[Data section]
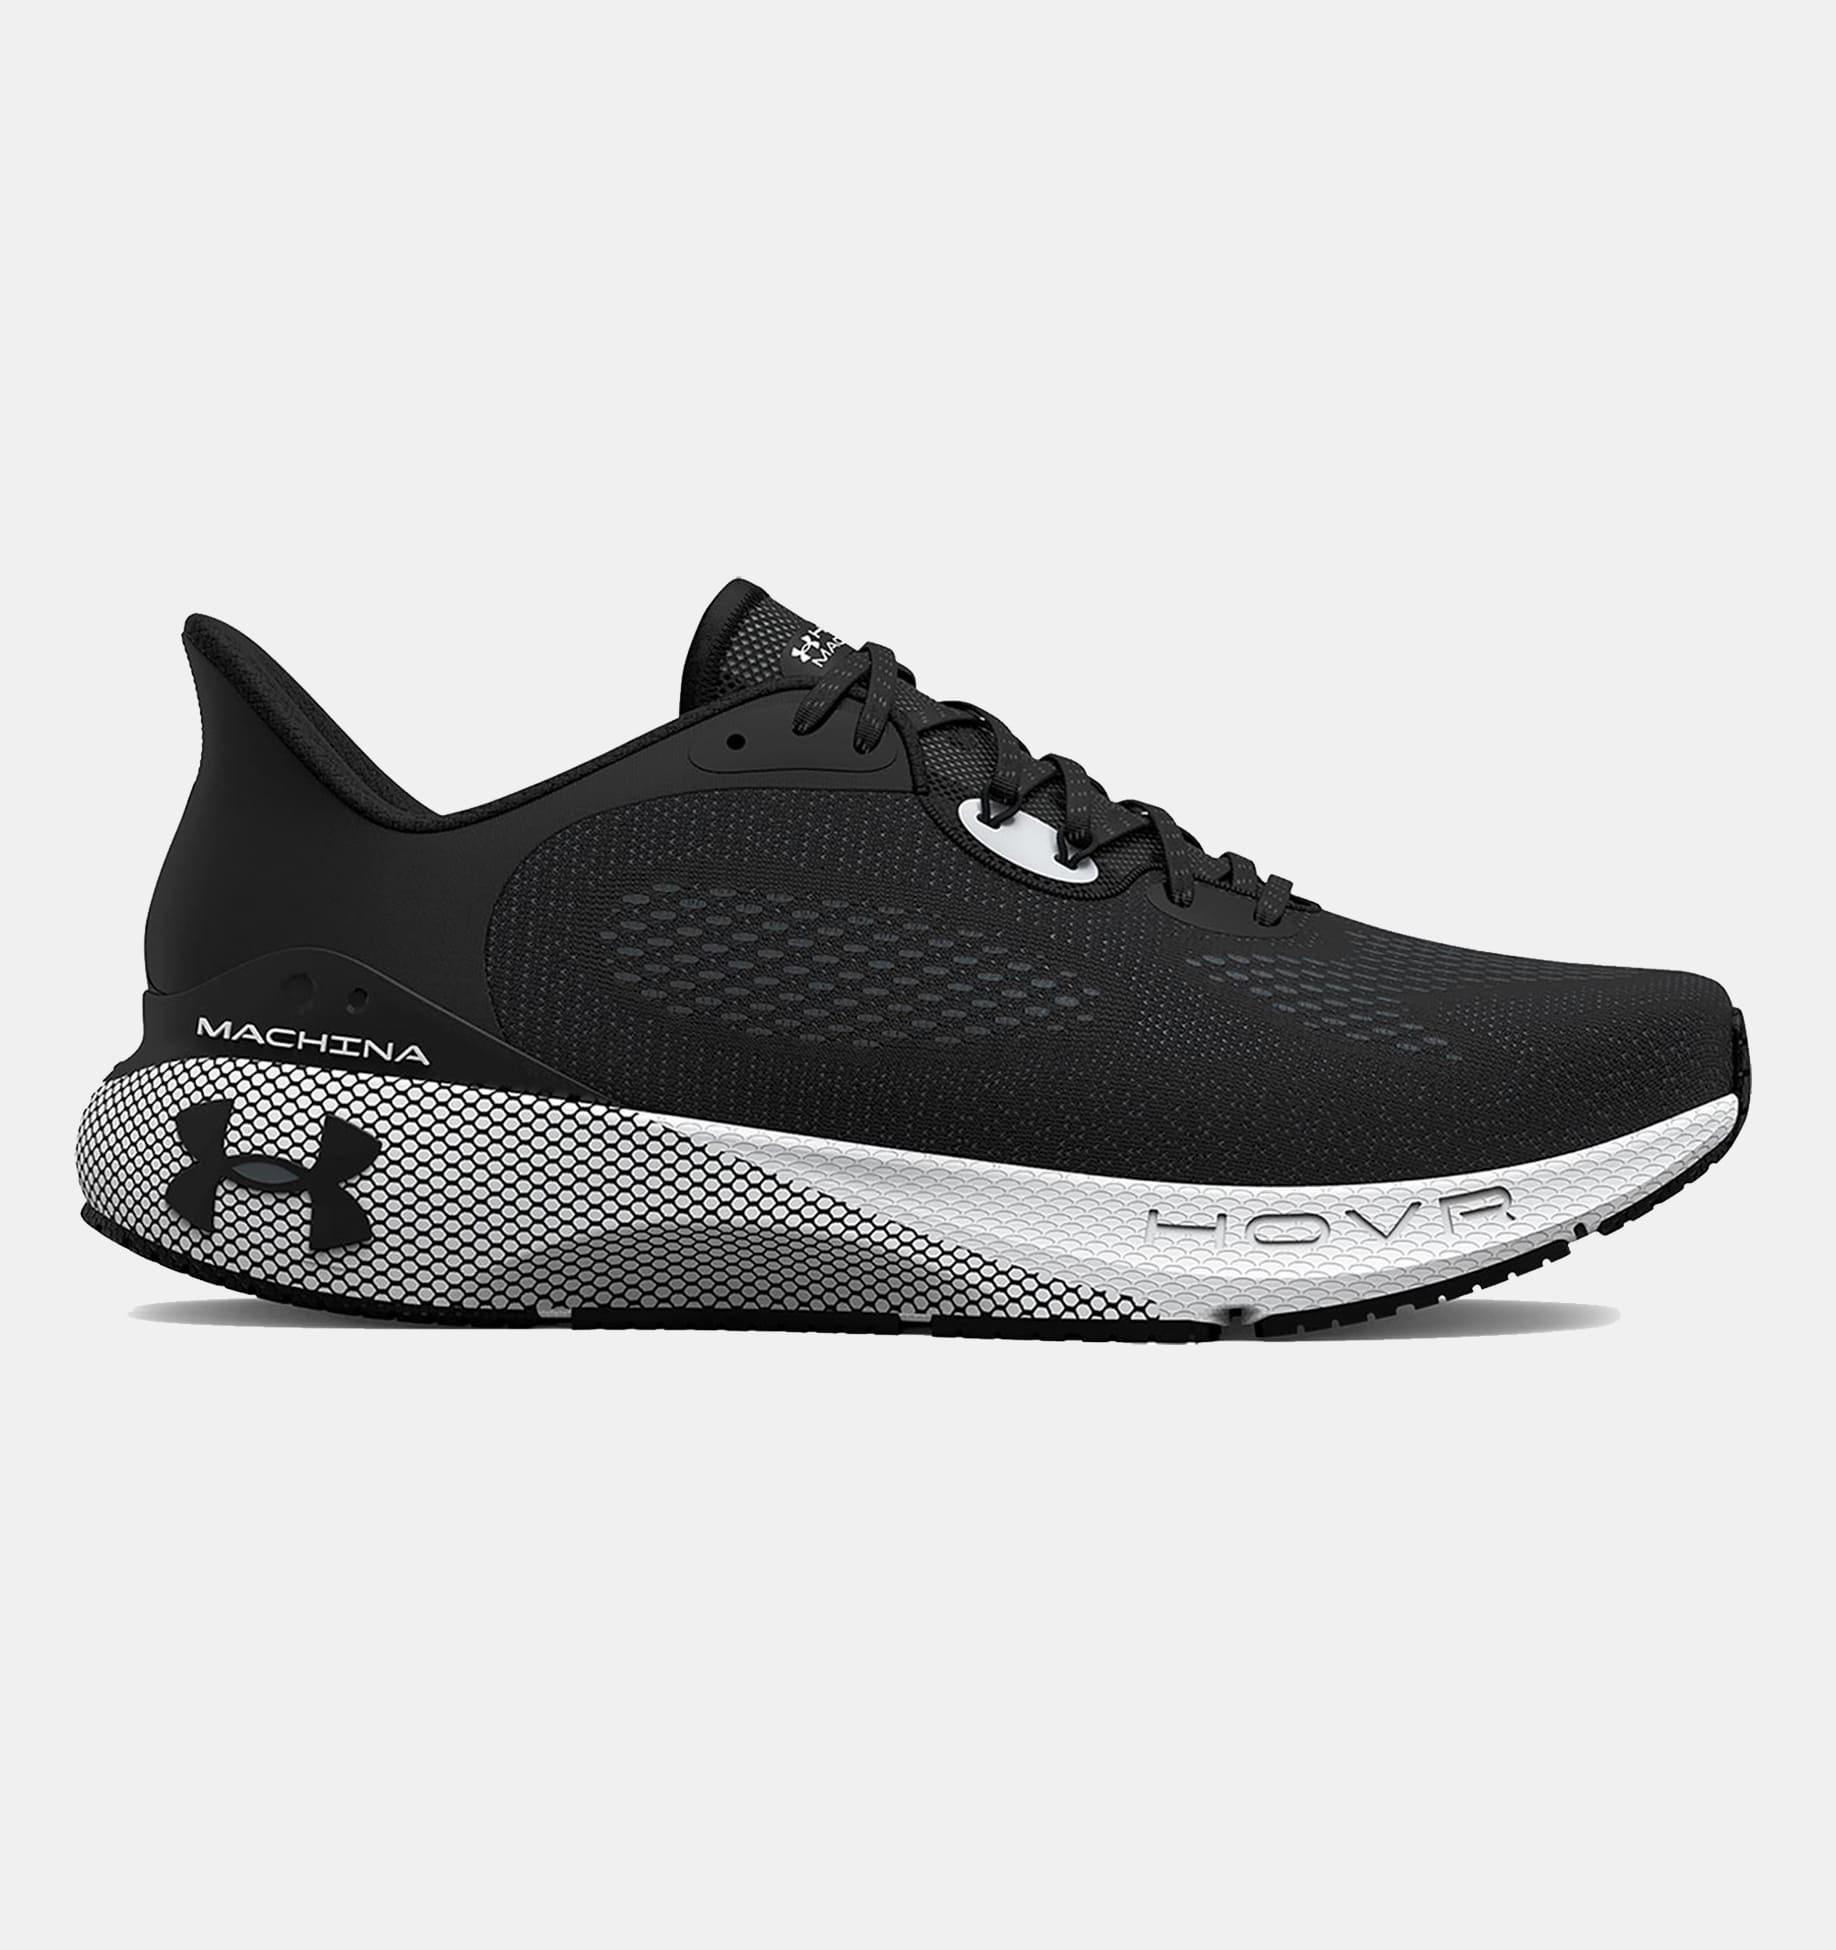 Under Armour HOVR mujer
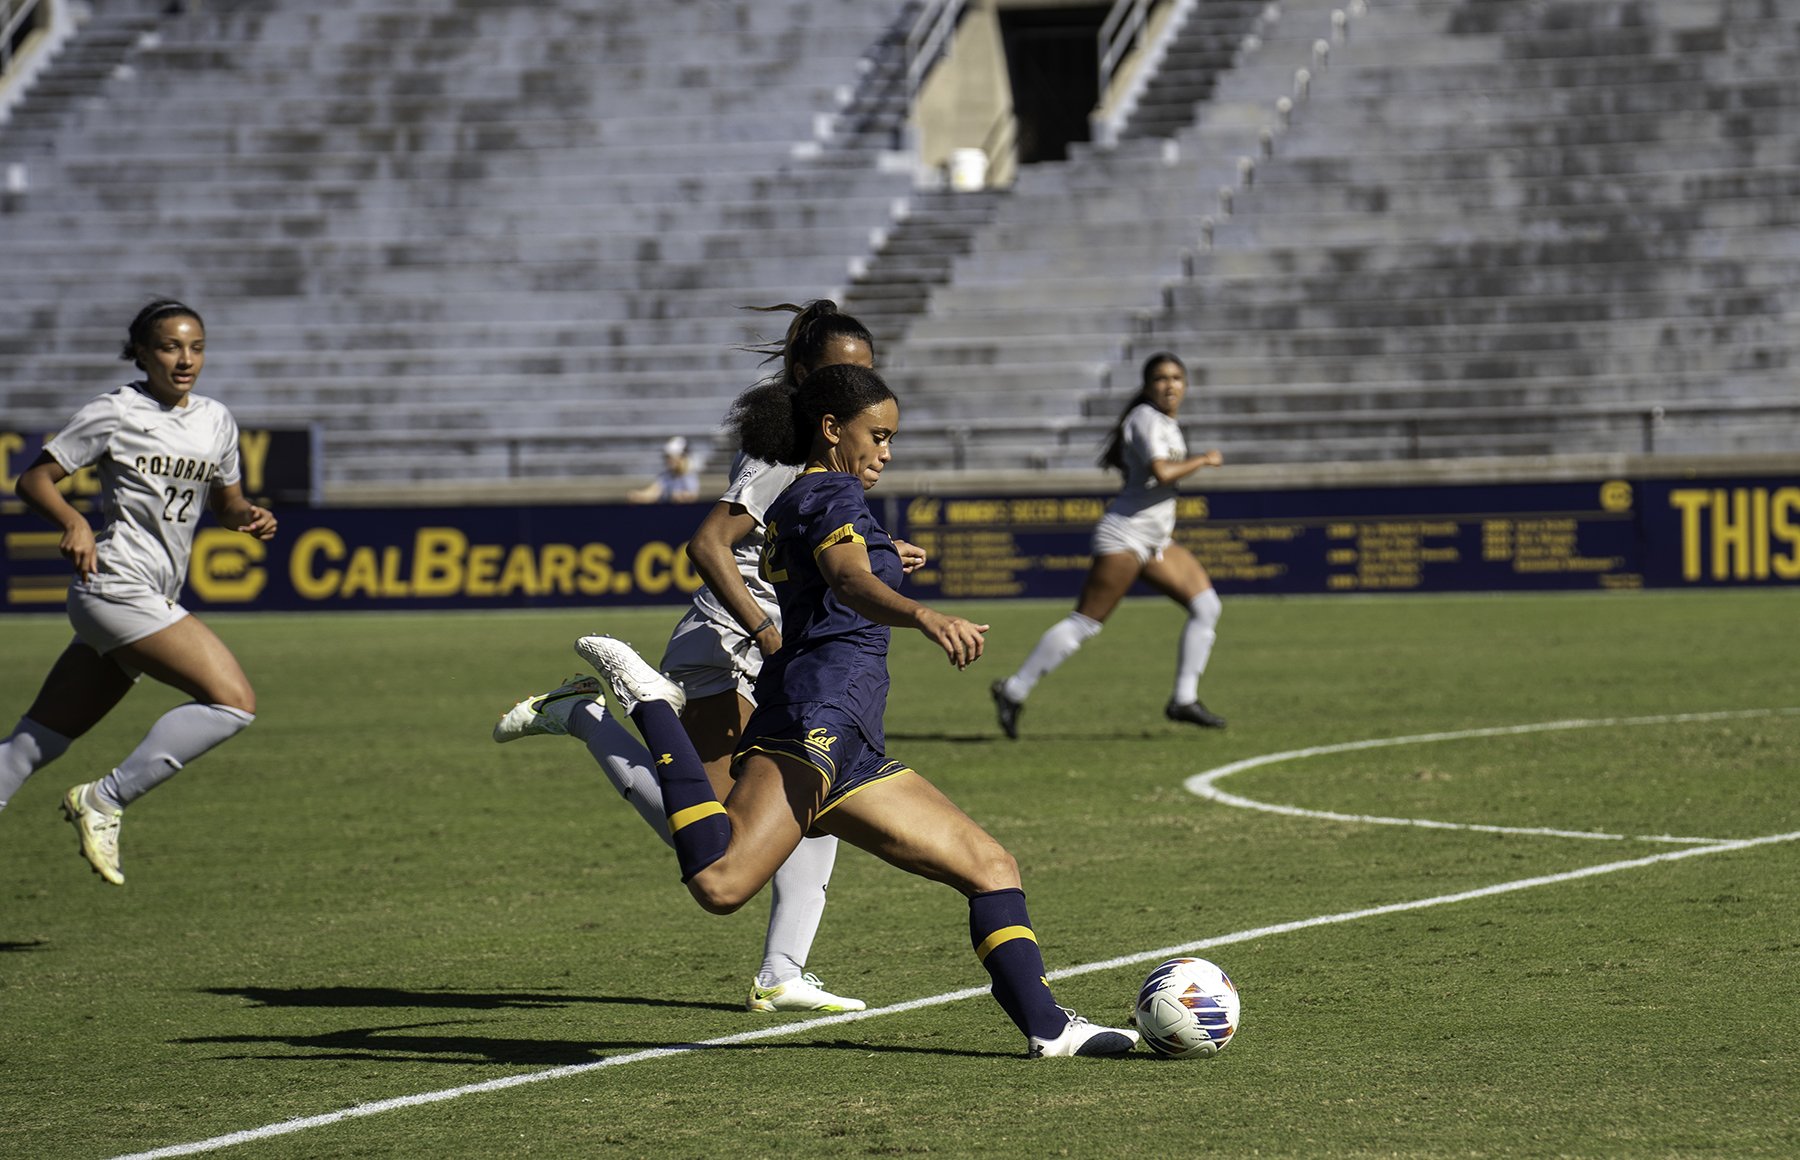 Get spooked! Bears destroy Buffs, draw with Utes
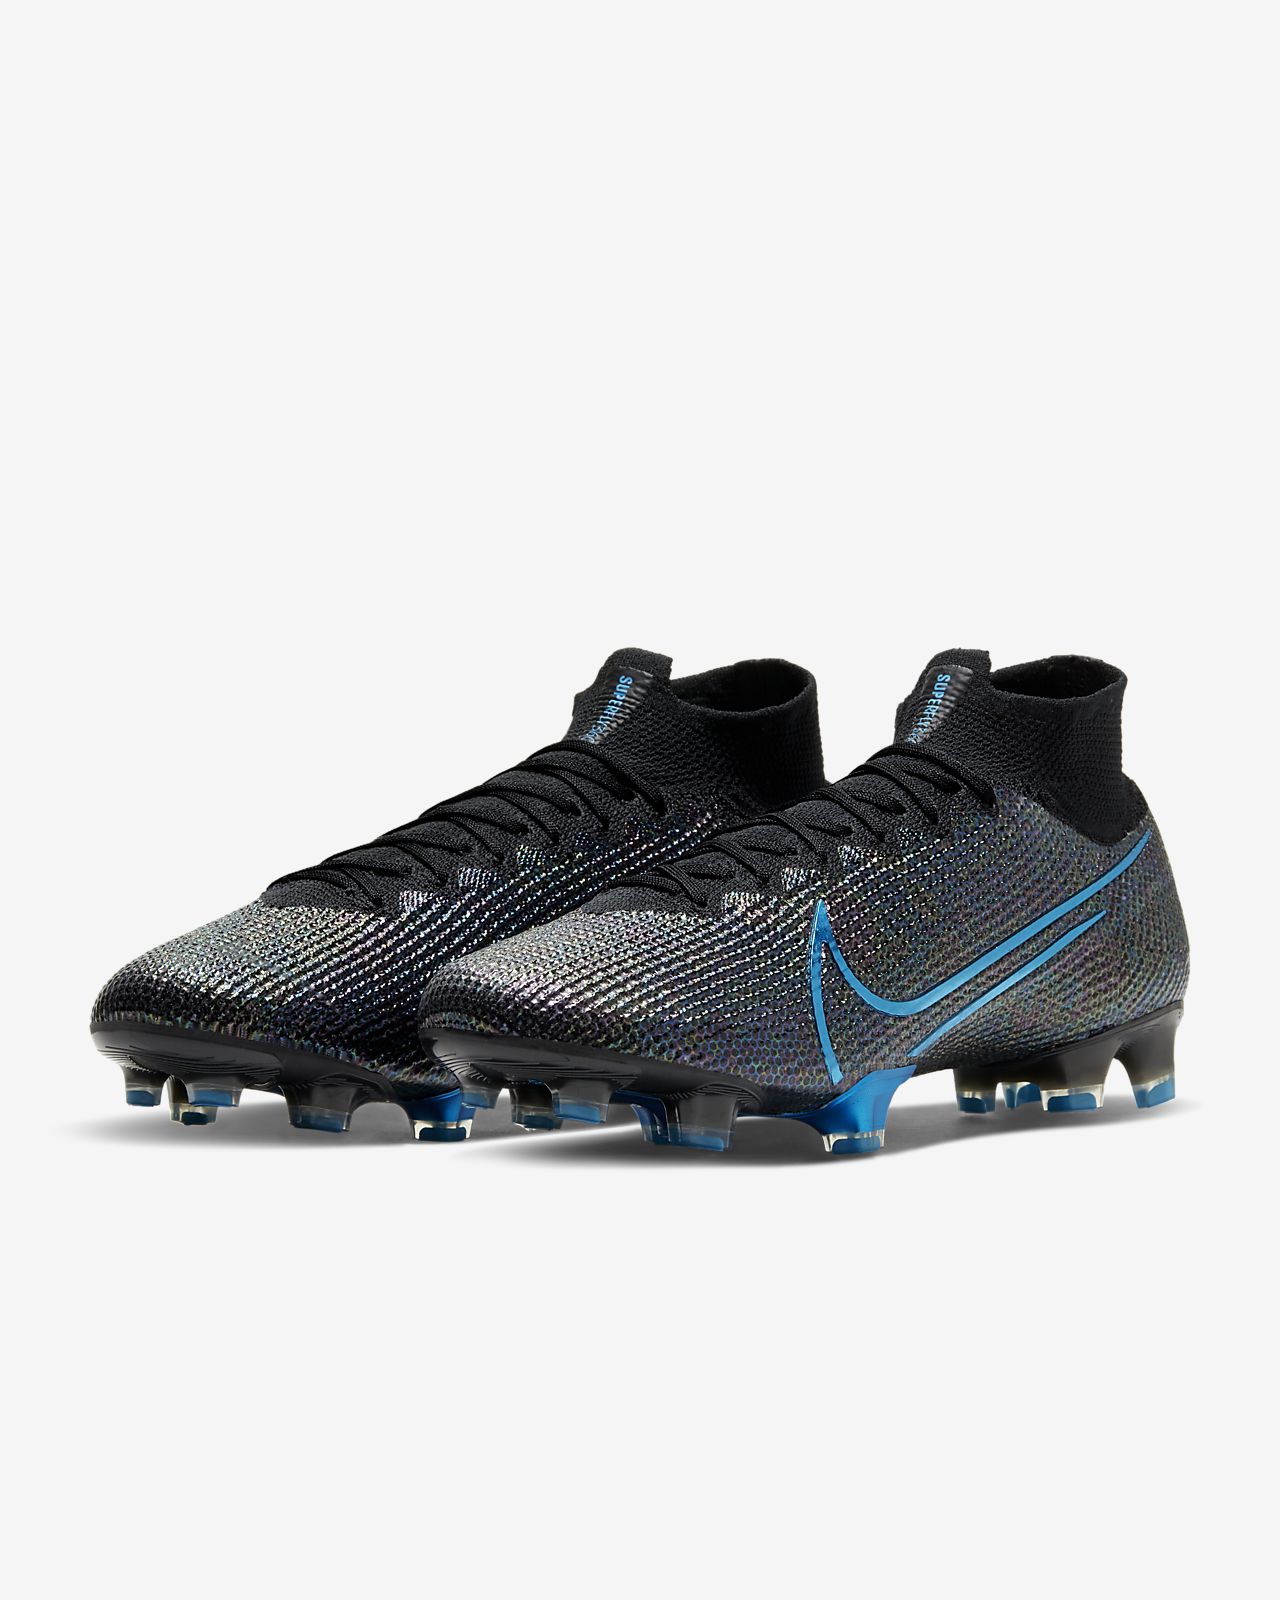 Nike Mercurial Superfly 7 Pro AG PRO Artificial Grass Football
[/Data section]
• Assignment: Return each line of the material exactly as written; exclude the pictures.

• The answer:
 Under Armour HOVR mujer
 Get spooked! Bears destroy Buffs, draw with Utes
 Nike Mercurial Superfly 7 Pro AG PRO Artificial Grass Football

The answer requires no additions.